1. Accounts Receivable balance as of December 31, 2020


2. Allowance for Doubtful Accounts, December 31, 2020
3. Net realizable value, December 31, 2020
4. Doubtful Accounts Expense for 2020.
Exercise 3 – 5

On January 1, 2020, Frank Co. received a 14%, three-year note from a customer. The
interest on the note is paid every June 30 and December 31. The note has a face value of
₱1,000,000. The effective rate applicable on the note is 12%.

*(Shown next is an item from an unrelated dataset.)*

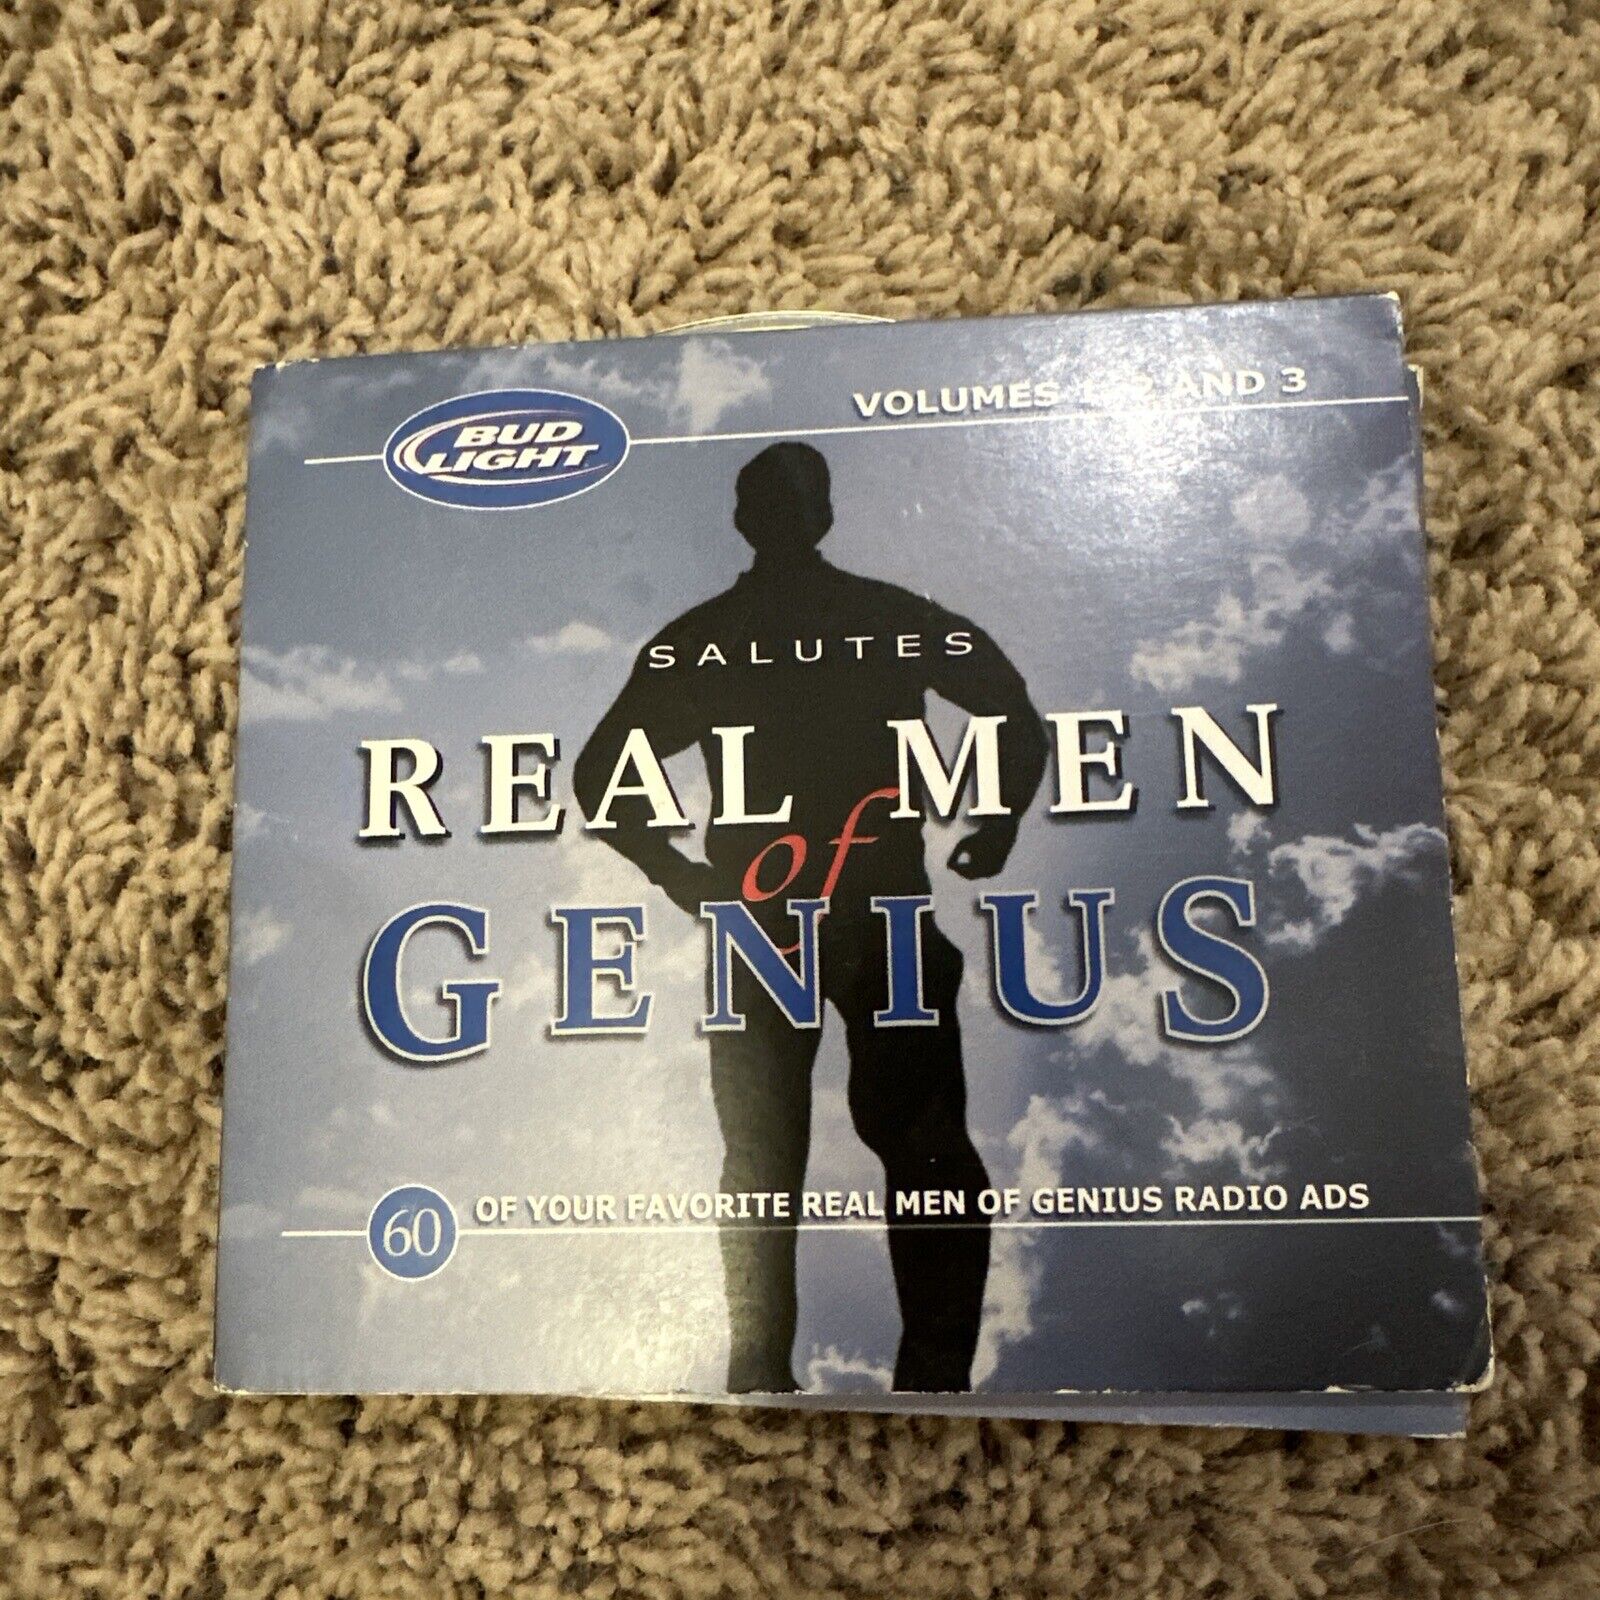 Bud Light Salutes Real Men Of Genius Volumes 1 2 And 3 CD Set Radio Ads 2005

1. Determine the initial amount of the note.


2. Prepare an amortization table to show the balance of the note at the end of each reporting
period from 2020 to 2022.
3. Compute for the interest income recognized by Frank during each period from 2020 to 2022.
Exercise 3 – 6

Accounts receivable balance of Skinner Co. on December 31, 2019 was ₱1,200,000.
Pertinent information regarding the company’s credit sales and accounts receivable in 2020 and
2021 follows:

2020 2021
Accounts receivable, December 31 ₱ 1,300,000 ₱ 1,700,000
Credit sales 22,500,000 21,600,000

1. Compute for the accounts receivable turnover in 2020 and 2021.


2. Compute for the average collection period in 2020 and 2021.
Exercise 3 – 4

On January 1, 2020, James Co. received a 10%, five year note from a customer. Interest is
paid every December 31. The note has a face value of ₱12,000,000. The effective rate on the date
of the receipt of the note was 12%

1. Determine the initial amount of the note.


2. Prepare an amortization table to show the balance of the note at the end of each reporting
period from 2020 to 2024.
3. Compute for the interest income recognized by James during each period from 2020 to 2024.